Turk told Al-Monitor, “The extremists and takfiri religious speeches made by the Muslim Brotherhood and other similar movements may have pushed the youth to be repulsed by religion.”

Bassit said, “The politicians and most of the January 25 Revolution figures pushed the youth to atheism. After they were depicted as the noblest men in Egypt, some of them turned out to be takfirists exactly like the Brotherhood, and some turned out to be spies who work for other countries.”

Sati said that she does not directly connect the spread of atheism with the January 25 Revolution. Yet, she linked it to the use of social media networks and the Internet after the revolution, which allowed the youth to connect with new cultures they were not yet ready to deal with. “This is in addition to the fact that the January 25 Revolution broke the fear barrier for youth, which led atheists to publicly announce themselves on television and social media networks,” she said.

“The campaign has two goals,” Sati told Al-Monitor, “The first is to spread awareness concerning the dangers of atheism and how it creates a threat to society, as well as the controversial issues that might push the youth to atheism. The second is to treat this phenomenon by having a dialogue with atheists and giving them a chance to reconsider their decisions and go back to their religion.”

She did not present any numbers that would allow the measurement of the success or the failure of this campaign, such as the number of individuals that the campaign was expected to reach or the number of atheists that were expected to return to their religion after the campaign.

“We have agreed on the headlines of the campaign,” Turk told Al-Monitor. “We reached the phase of preparing the plan based on several measures, including dialogues instead of seminars that are more of initiations.”

He said, “We will count on youth, who we will train to have a dialogue with the atheist youth, since the influence youth can have on each other is stronger. Clergy, psychologists and social experts will train the youth and try to find answers to questions raised by youth which might push them to atheism. The youth of the campaign will be trained to answer these questions in order to have dialogues with the atheist youth which would lead them back to their religion.”

Sati told Al-Monitor, “The campaign will use technology, the Internet and social media networks to reach atheists and answer all the questions which pushed them to atheism. We are also going to create a website for the “Think Again” campaign, which aims at spreading awareness concerning phenomena such as addiction, takfiri thinking, extremism and atheism.”
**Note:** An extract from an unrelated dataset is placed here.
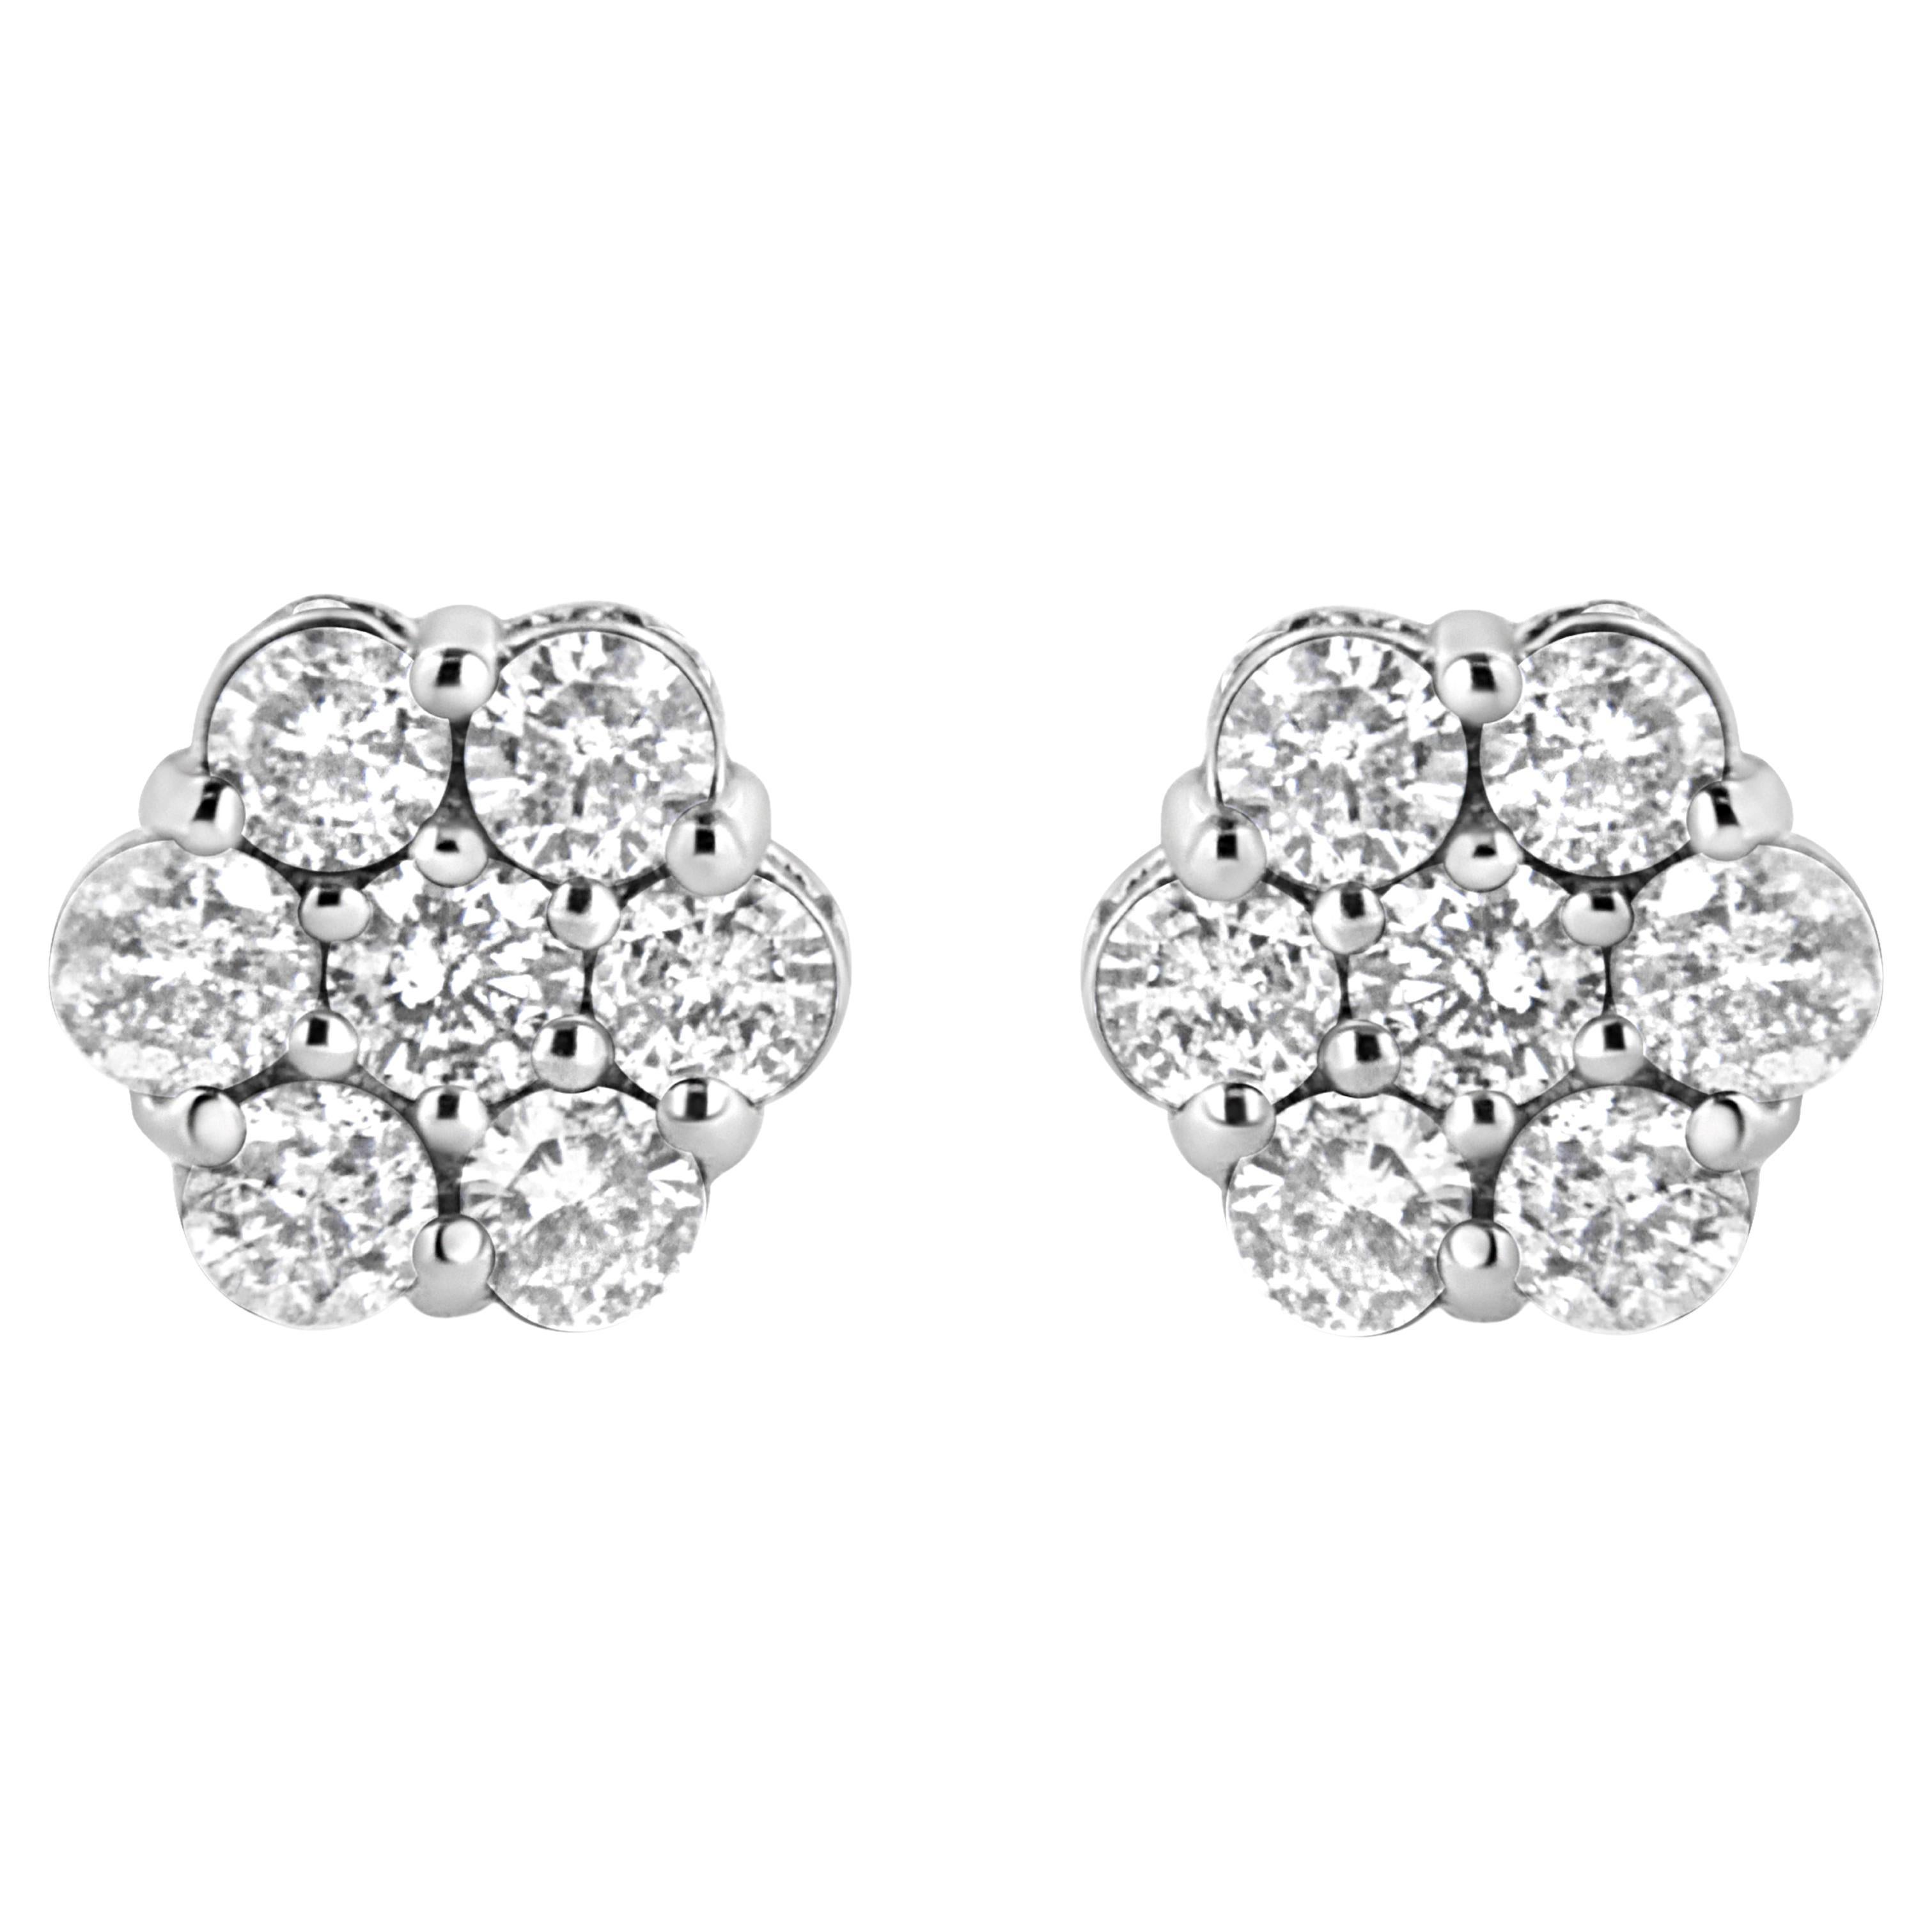 .925 Sterling Silver 1.0 Carat Diamond Cluster 7 Stone Floral Stud Earrings For Sale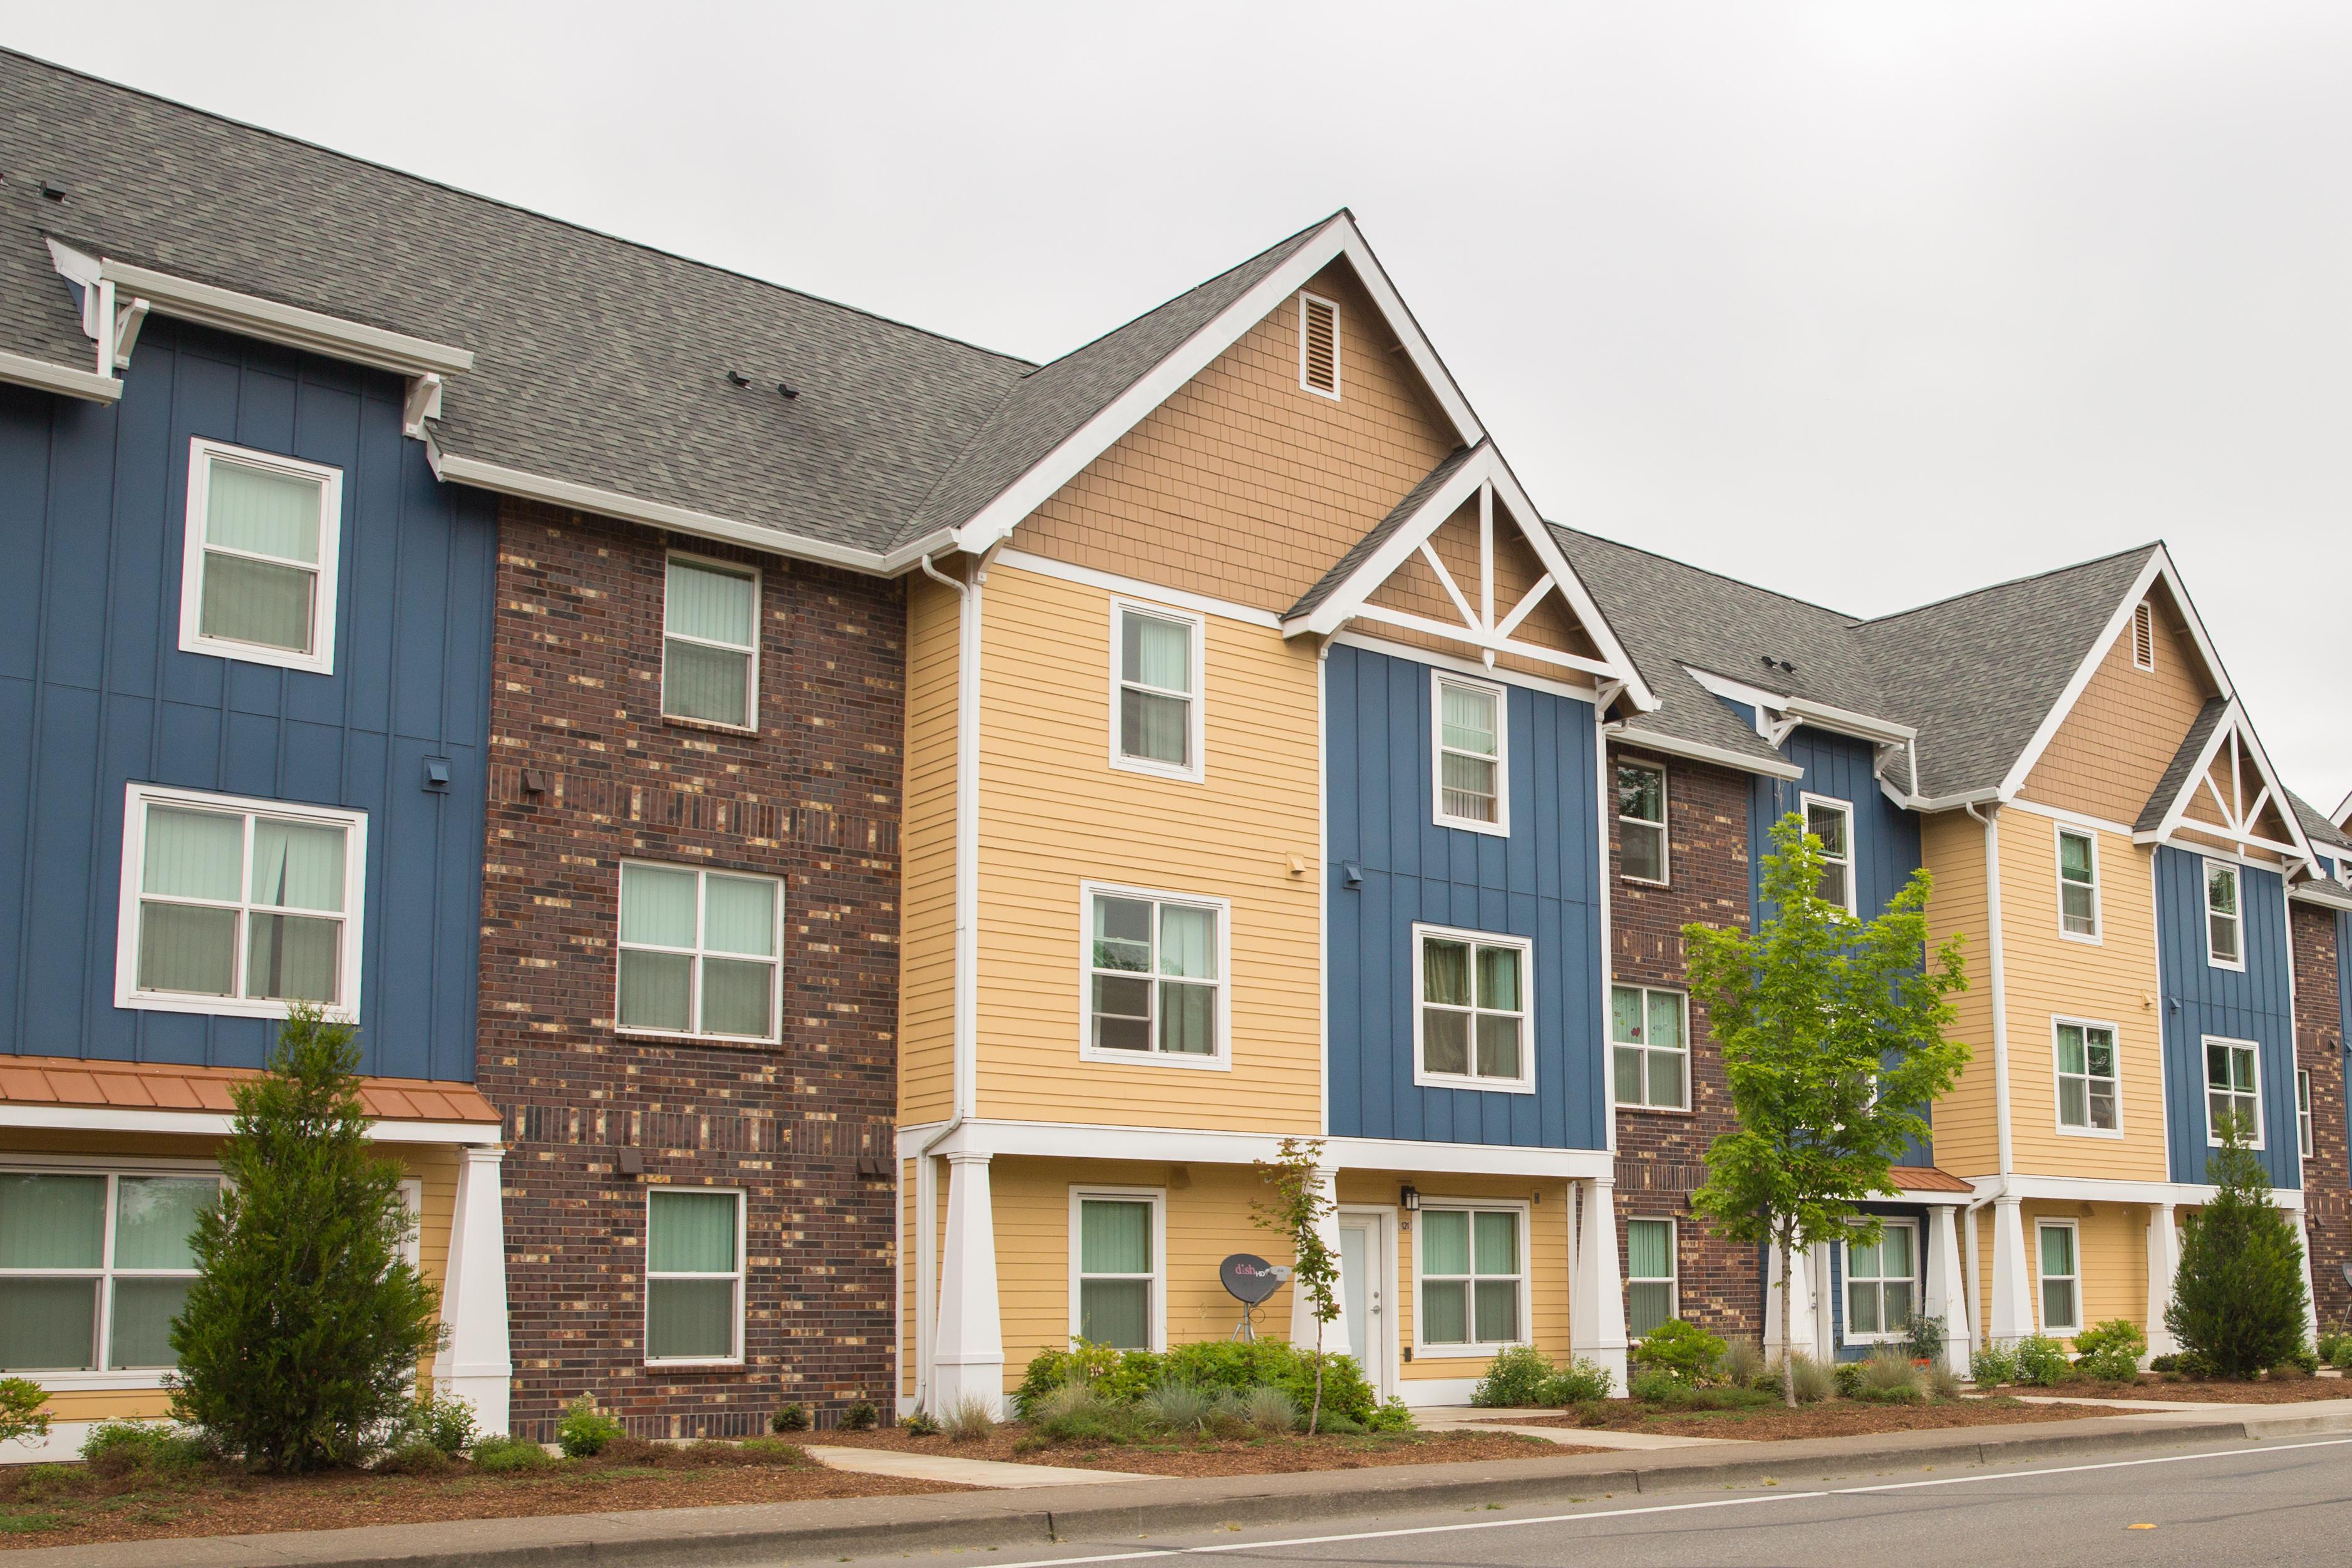 The 54-unit Woodwind Apartments in Albany, Ore., sits on the site of a 22-unit mobile home park. The complex was built in 2015 by Innovative Housing, Inc., which develops housing for low-income families.

“The time frame of the campaign is not specified; it could go for a year,” Sati said. “To measure its success or failure, the campaign is going to base its information on the website, Facebook page and all the positive or negative outcomes it could have.”

Egypt’s attempts to control atheism are only normal in light of the current constitution, which states that Islam is the country’s religion.

However, the country’s campaign against atheism failed before even beginning. It was undertaken based on inaccurate evidence, such as atheists' appearances on a TV talk show and on Facebook pages, which are not necessarily a sign of the spread of atheism in Egypt.

It's noteworthy to mention that during Al-Monitor’s interview with Bassit, he said, “The information concerning atheists in Egypt in minimal.”

When asked why, he answered, “The main reason behind this is their fear of being oppressed by the government and society. This stops some individuals from announcing their atheism, despite the presence of larger and more courageous groups, which are the minority.”

The majority of atheists, as well as some Baha'is and Shiites, choose to stay silent and not give their opinion concerning religious matters, which makes them one of the most ambiguous groups for the government. This is what hinders the state ministries' control over their spread.